I rode him, his girth easily stimulating my G-spot, feeling his wet pubic hair & his pelvis skin scraping against the hood & my clitorus. I could feel his balls, each time I rocked back, I spread my cheeks, leaned back & held his scrotum to graze my asshole. I thought, I'm going to keep fucking this dick, & eventually, I'm going to get it in the tailpipe. I thought I'd be prepared for this next time, not be blindsided as I had today. As I rode him, the babies, his babies, started to wake up & fuss a couple of rooms away. I knew it was only a matter of time before they'd start crying for real. I couldn't seem to bring myself to pull my body off their father though, so I kept rocking on him, feeling a new orgasm stirring inside me.

As if reading my mind Liam spoke up "you're not done here, I haven't cum yet." & I smirked & kept grinding against him. The babies started crying in the other room & he growled. "Shit, shut-up." He grabbed me roughly by the hips & started to hammer me up & down on his dick as hard as he could (which was very, very hard). I started cumming almost immediately, the pain, the pleasure, the shock, the lingering orgasms from earlier all combined, & I was at a loss. Pump pump pump, he went, like a machine, in & out of me. I was screaming in pleasure as he creamed inside me, his own orgasm louder & more violent than I'd expected "FUCK! FUCK! FUCK!" he'd roared at the top of his lungs, "FUUUHHHHCK!" & I felt his release, felt a hot wave of his semen cresting into me, & I squirted, dirtily, voluminously onto his stomach, his hips, his balls, as my orgasm reached a thunderous crescendo with his.

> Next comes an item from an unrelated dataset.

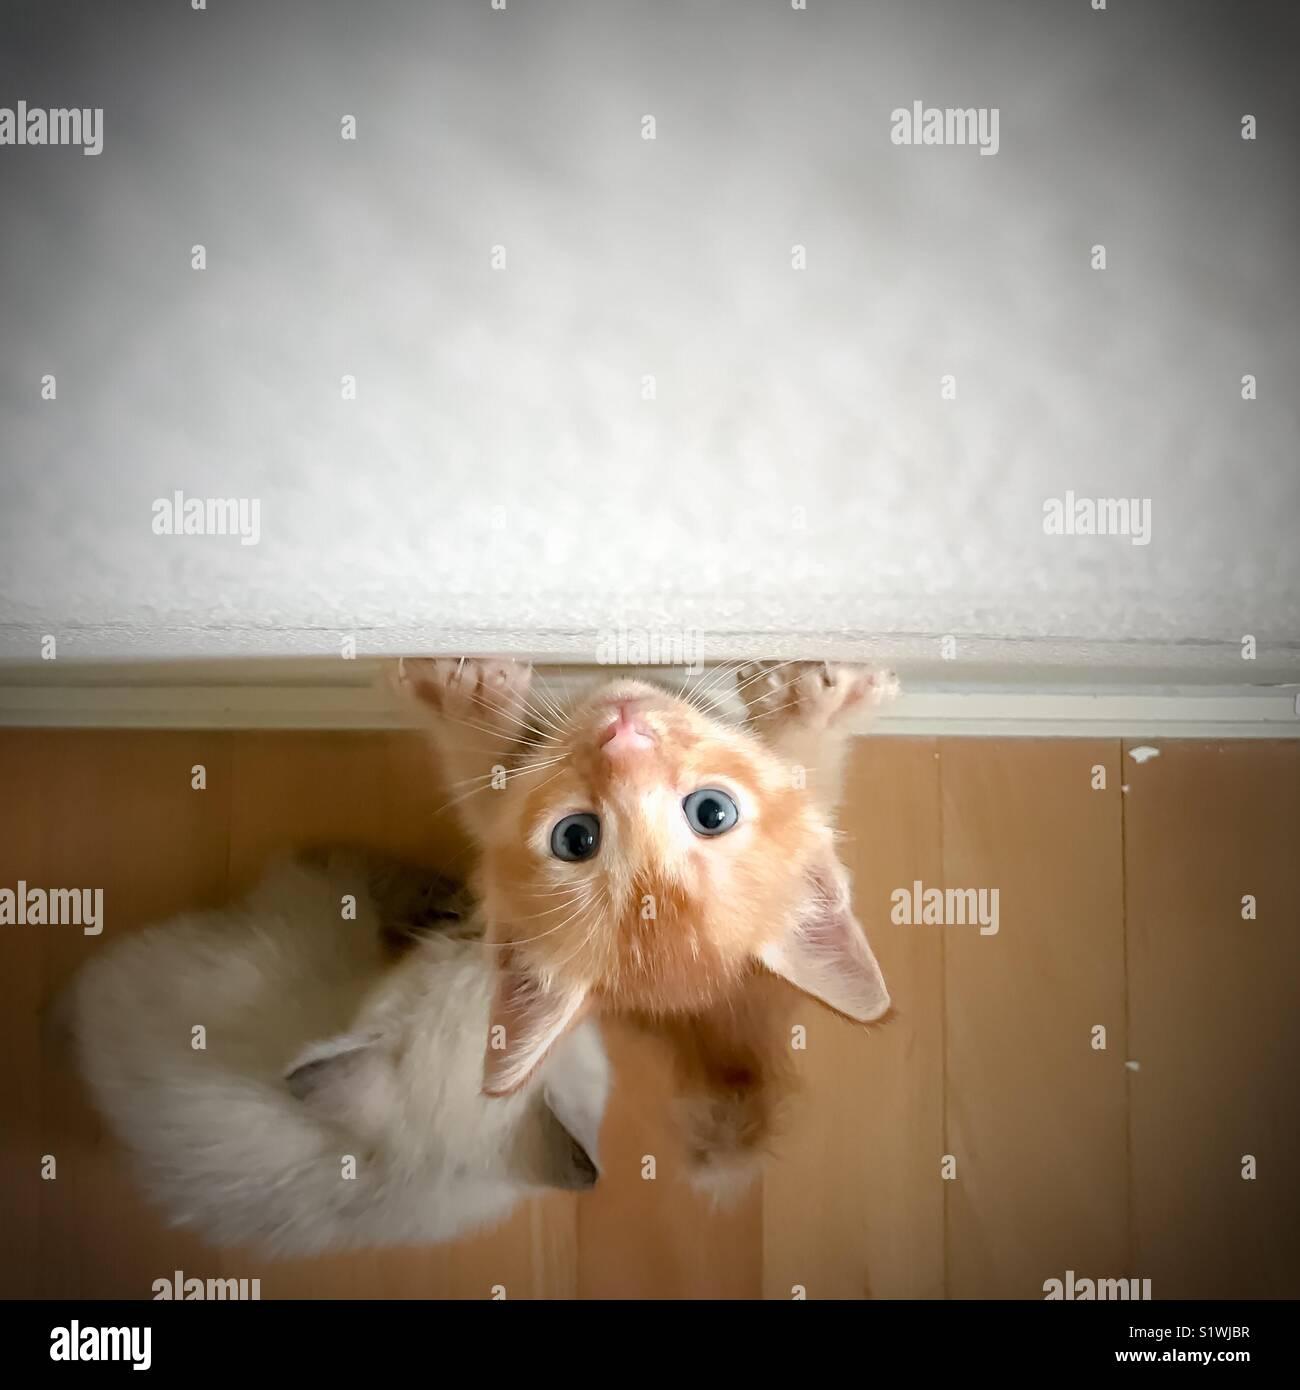 Gatito que intenta subir a la pared en busca de atención Imagen De Stock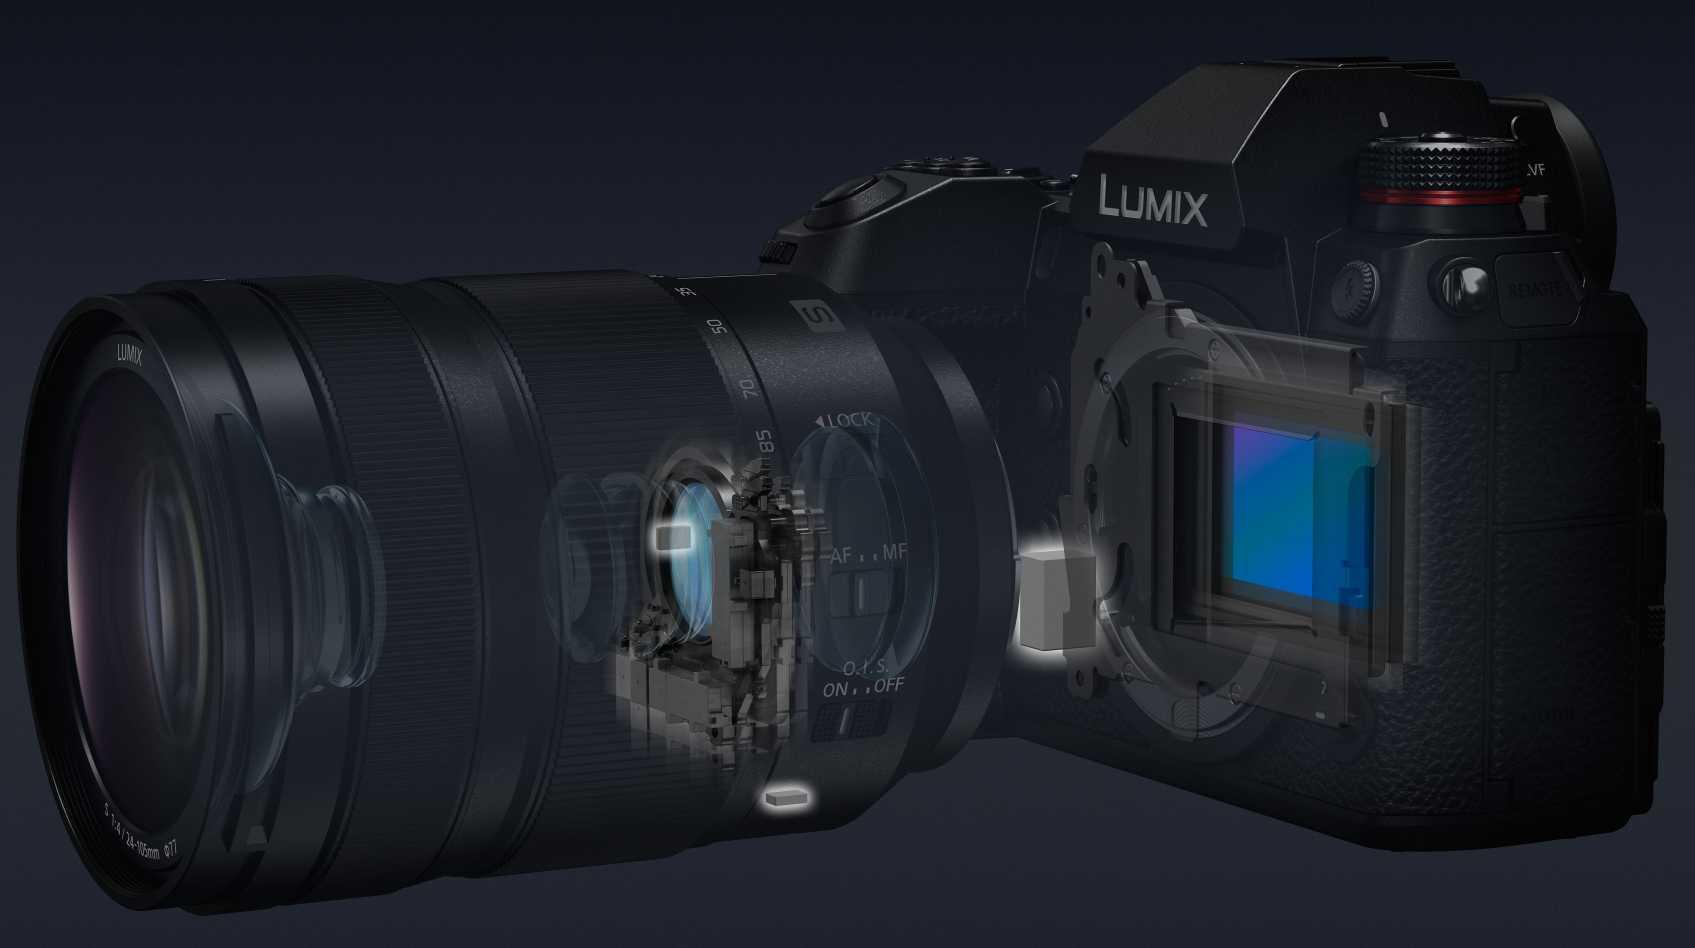 Panasonic Lumix S1R und S1: Technische Daten zu Vollformat-Spiegellosen

"Bitch!" He spat, tipping me off him. He grabbed the towel & tried to wipe it off, although my juices had already made wet patches all over his suit jacket & trousers, even before the grand finale of the squirt. He'd need to change either way. "I was gonna shoot on your face," he grumbled, as if his choice to creampie me was my fault. I lay there, exposed on the hard bathroom tile without even a towel. I felt a flow of his cum leaking out of my ruined cunt. I would examine myself later, in a mirror, certain that I'd be able to see bruising at least. I'd be surprised that aside from a tender, red swelling, my body seemed to be healing from the encounter without issue.

He stood above me for a moment, looked at me as I lay there, trying to catch my breath, sweat sticking my hair to my face, limbs akimbo & disjointed, covered in my own fluids, & his. "Not a word about this to Jules, do you understand me?" I just gazed up at him. At this horrible, offensive, entitled man, with the lovely wife & children & the monster cock. I felt amused. I would definitely be on his thick cock again in no time. I didn't even bother answering him. He seemed to shake himself, a little embarrassed. "& don't lie there all day, I'm paying you to look after the twins," he snapped before he walked out.